# DESCRIPTION OF THE TASK
Below, some lines carry pictures; leave those pictures out and retype exactly the lines from the one with "Landscape close to Axum, Ethiopia, Africa" through the one with "Green Evil Eyes".

[[ RECORDS FOR THIS EXERCISE open ]]

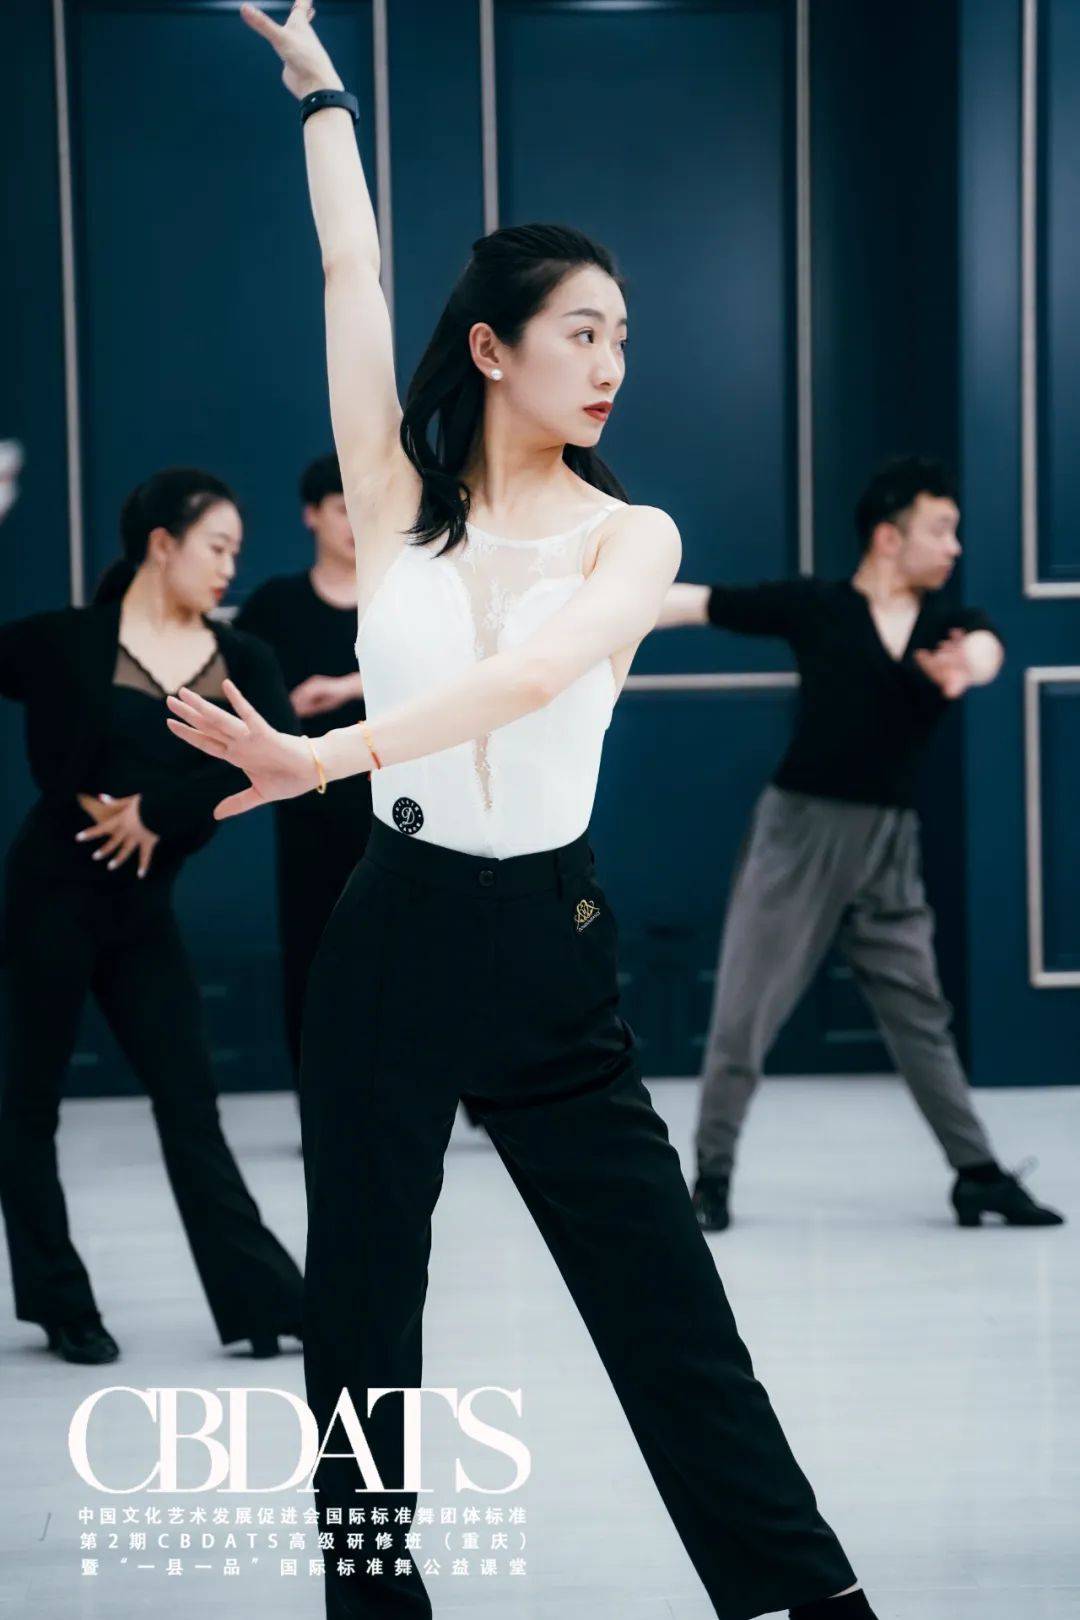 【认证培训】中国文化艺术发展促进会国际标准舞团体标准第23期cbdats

[[ RECORDS FOR THIS EXERCISE closed ]]
[[ RECORDS FOR THIS EXERCISE open ]]

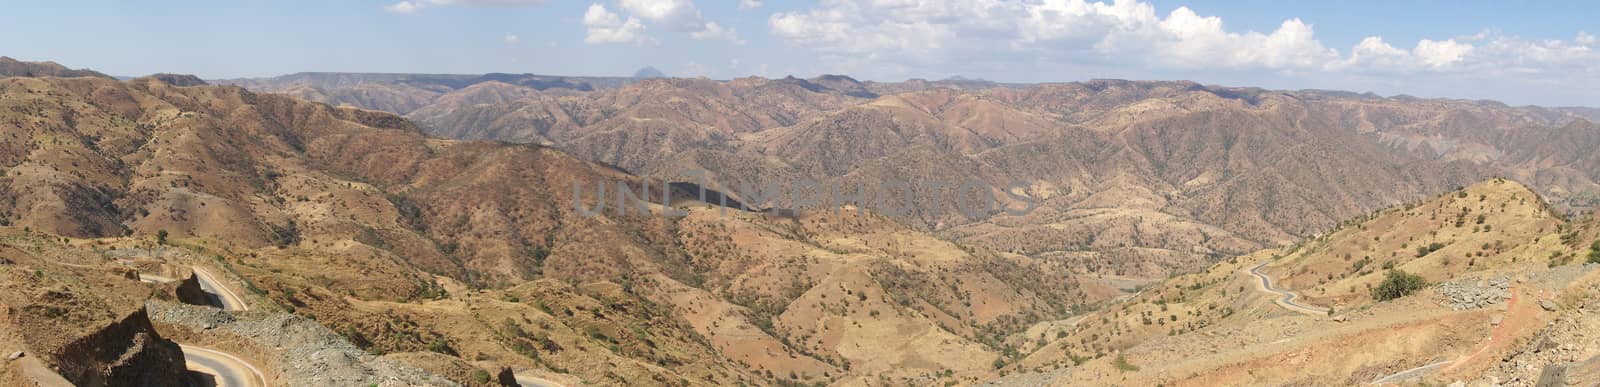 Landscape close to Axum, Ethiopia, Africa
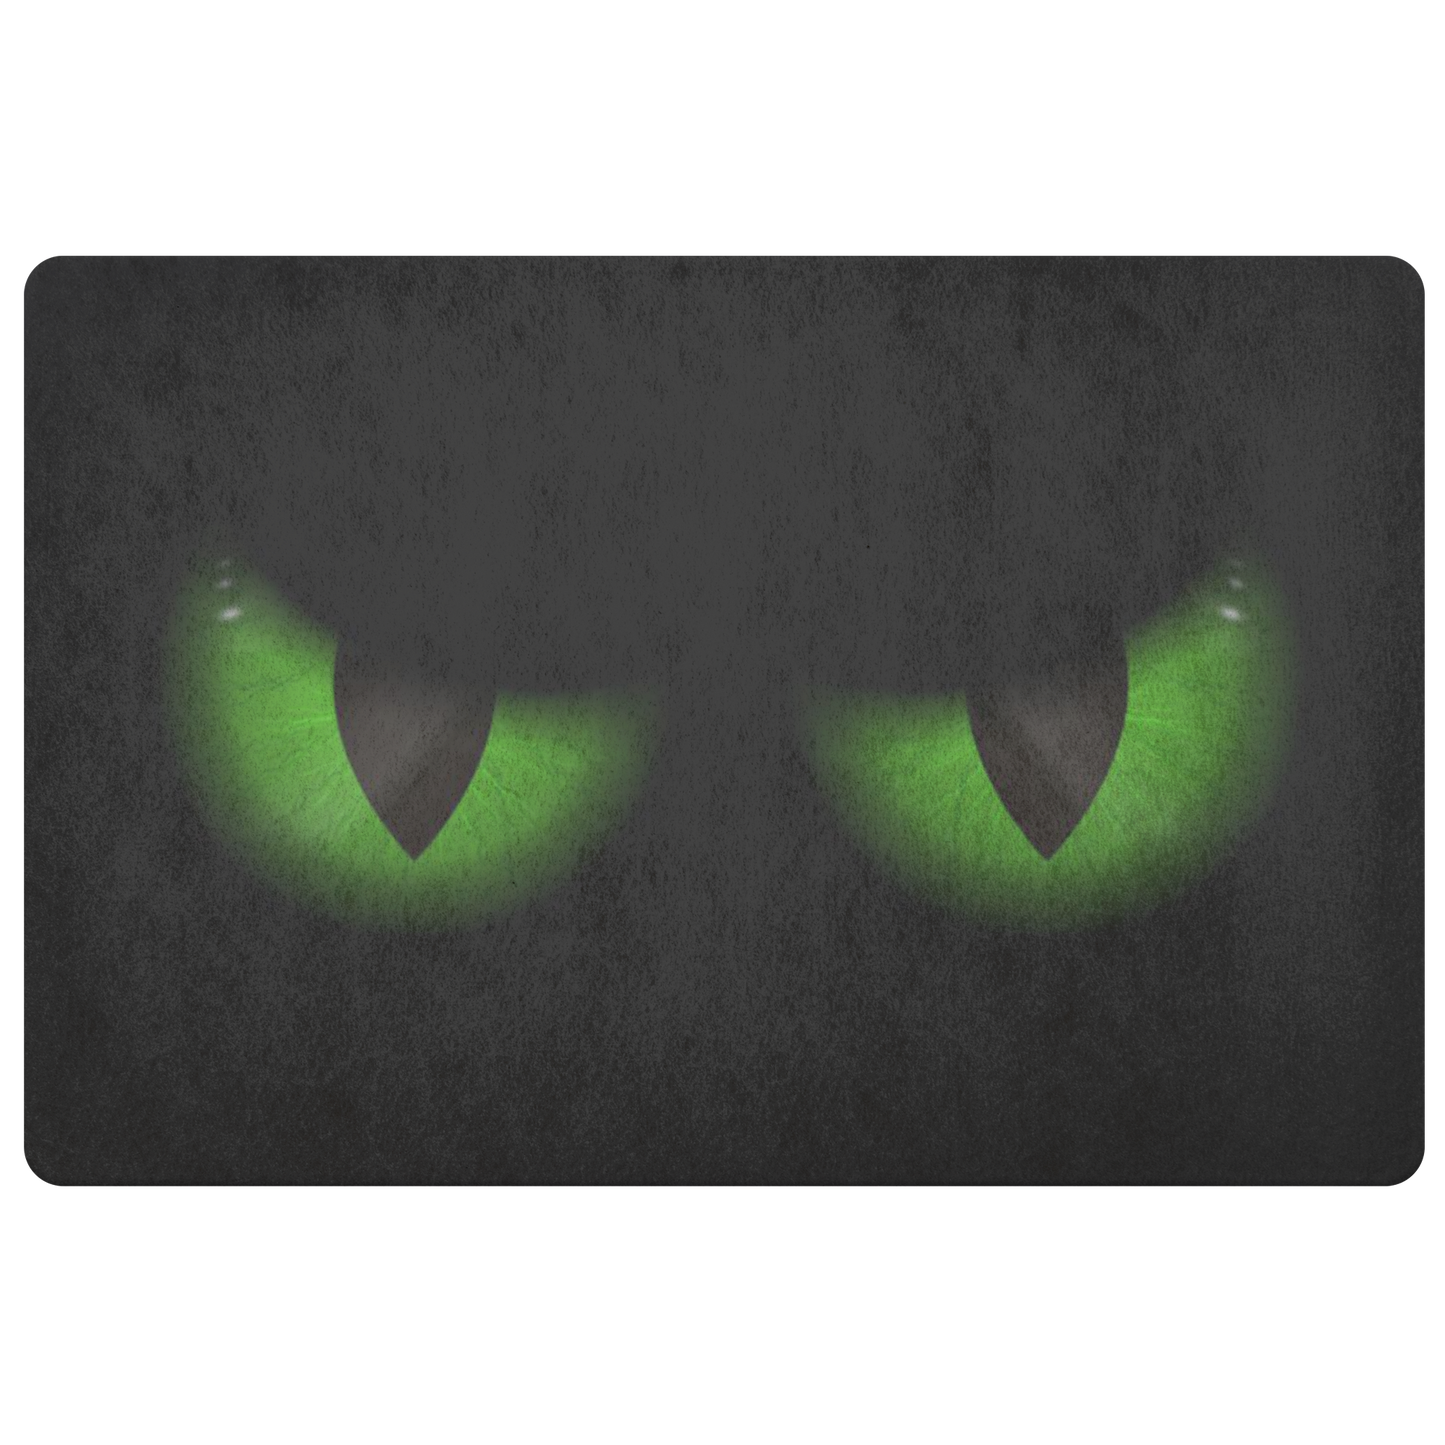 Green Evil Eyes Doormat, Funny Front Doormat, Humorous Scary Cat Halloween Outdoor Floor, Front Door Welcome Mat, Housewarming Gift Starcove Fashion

[[ RECORDS FOR THIS EXERCISE closed ]]
[[ RECORDS FOR THIS EXERCISE open ]]

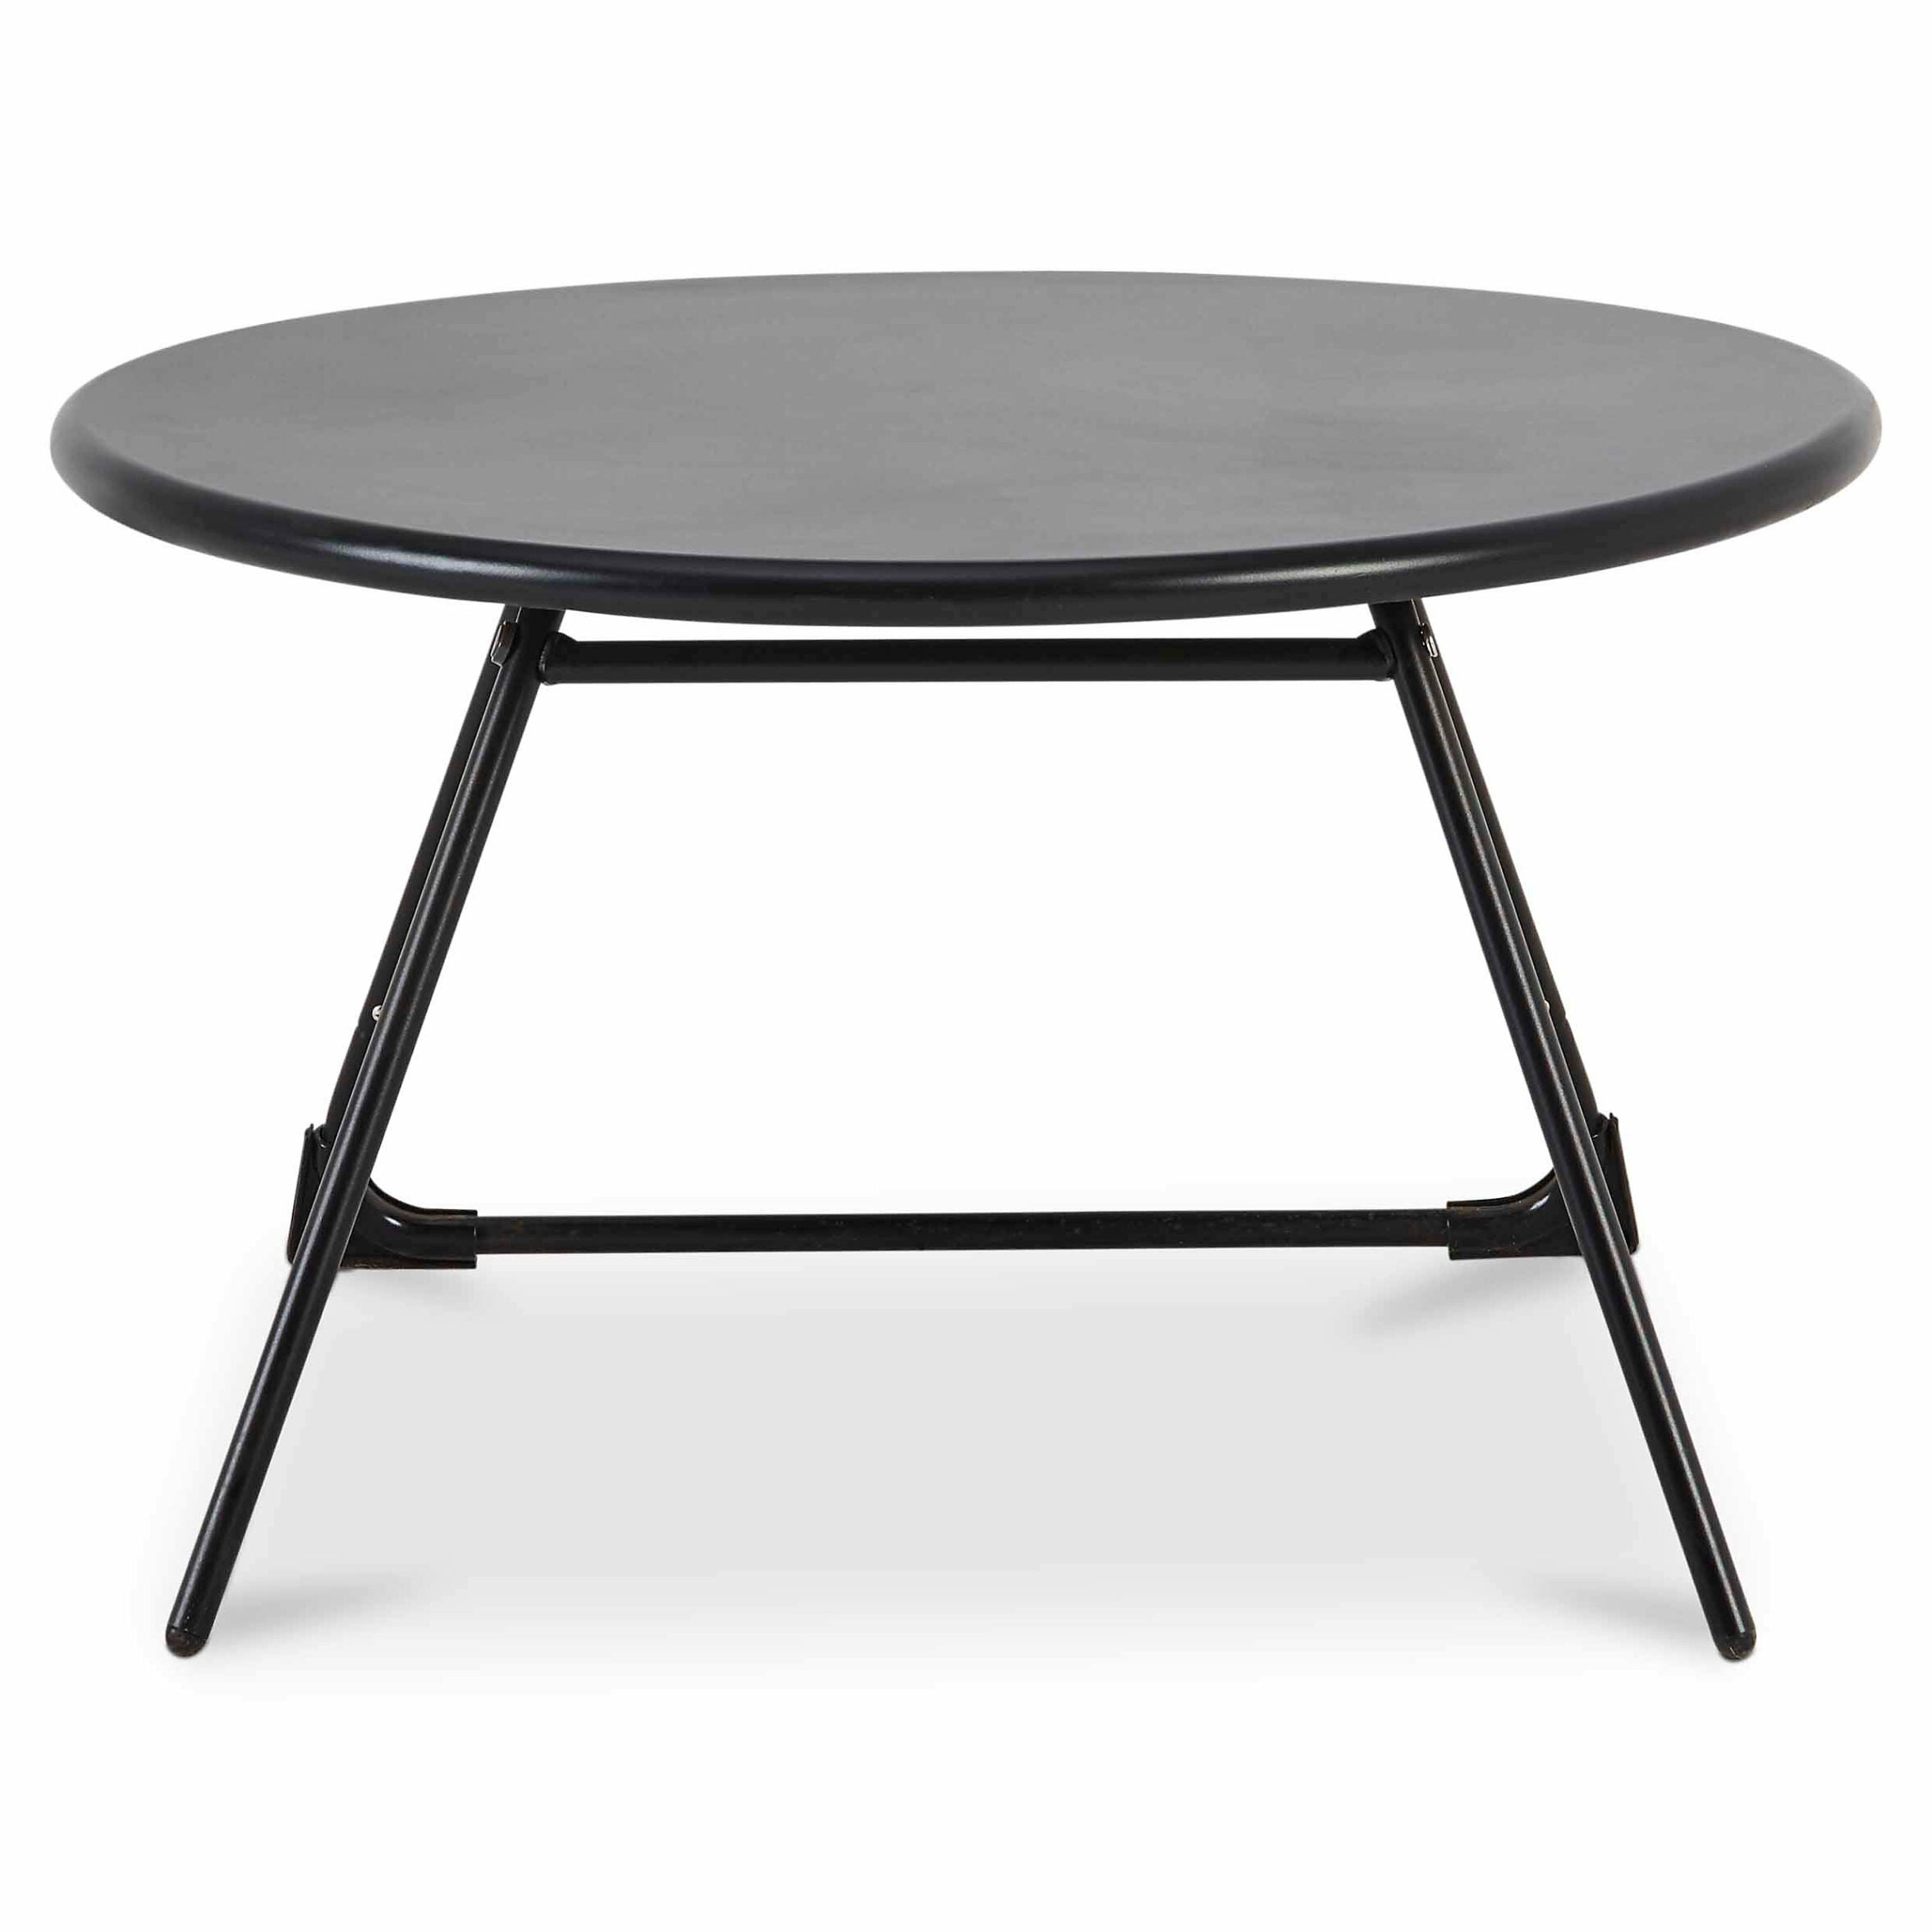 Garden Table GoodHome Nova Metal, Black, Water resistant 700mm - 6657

[[ RECORDS FOR THIS EXERCISE closed ]]

# ANSWER SPACE
 Landscape close to Axum, Ethiopia, Africa
 Green Evil Eyes Doormat, Funny Front Doormat, Humorous Scary Cat Halloween Outdoor Floor, Front Door Welcome Mat, Housewarming Gift Starcove Fashion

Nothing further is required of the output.